Application of fractional factorial design for green synthesis of cyano-modified silica nanoparticles: Chemometrics and multifarious response optimization

Abstract

Cyano-functionalized spherical silica nanoparticles (SNPs) were synthesized via Stöber method. A 2 k-pIV–fractional factorial design (2k-pIV–FFD) was used to smartly prepare monodispersed evenly distributed SNPs. Six factors were considered; concentrations of tetraethylorthosilicate (TEOS), 3-Cyanopropyltriethoxysilane (CPTS), water, and ammonia, reaction time (RT) and stirring time (ST). Two responses; particle size (PS, measured by SEM) and particle-size distribution (PSD, calculated as standard deviation, ±SD) were measured.

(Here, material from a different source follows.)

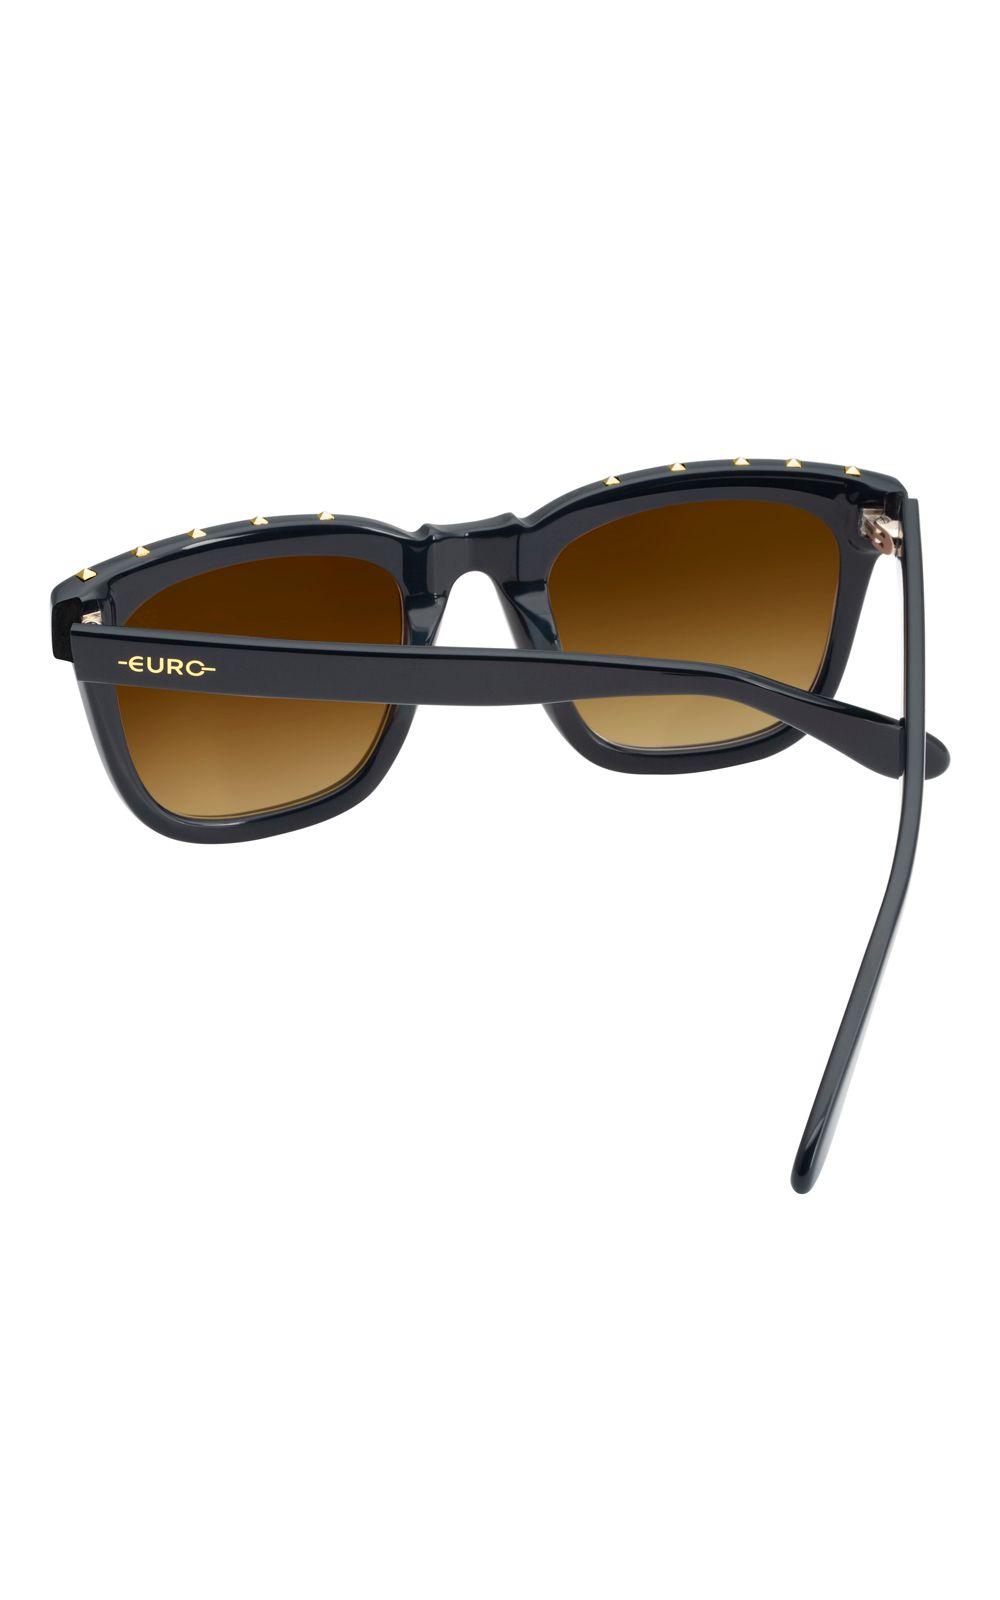 Foto 3 - Óculos Euro Spike Glam Feminino Azul E0034K1541/8D

Control charts were used to decide on impacts of linear and two-way interactions on both responses. Derringer’s function was used to consolidate these multifarious responses into a uniform execution characteristic. Both screening and optimization were always accompanied by ANOVA testing at a 95.0% confidence interval (CI). The ideal synthetic conditions were obtained from the composite desirability plots. Cyano-functionalized SNPs with an average PS of 474.04 ± 86.71 nm were produced. Raman spectroscopy and FTIR were used to confirm the functionalization process. Thermogravimetric analysis (TGA) was used to evaluate the thermal behavior of synthesized particles.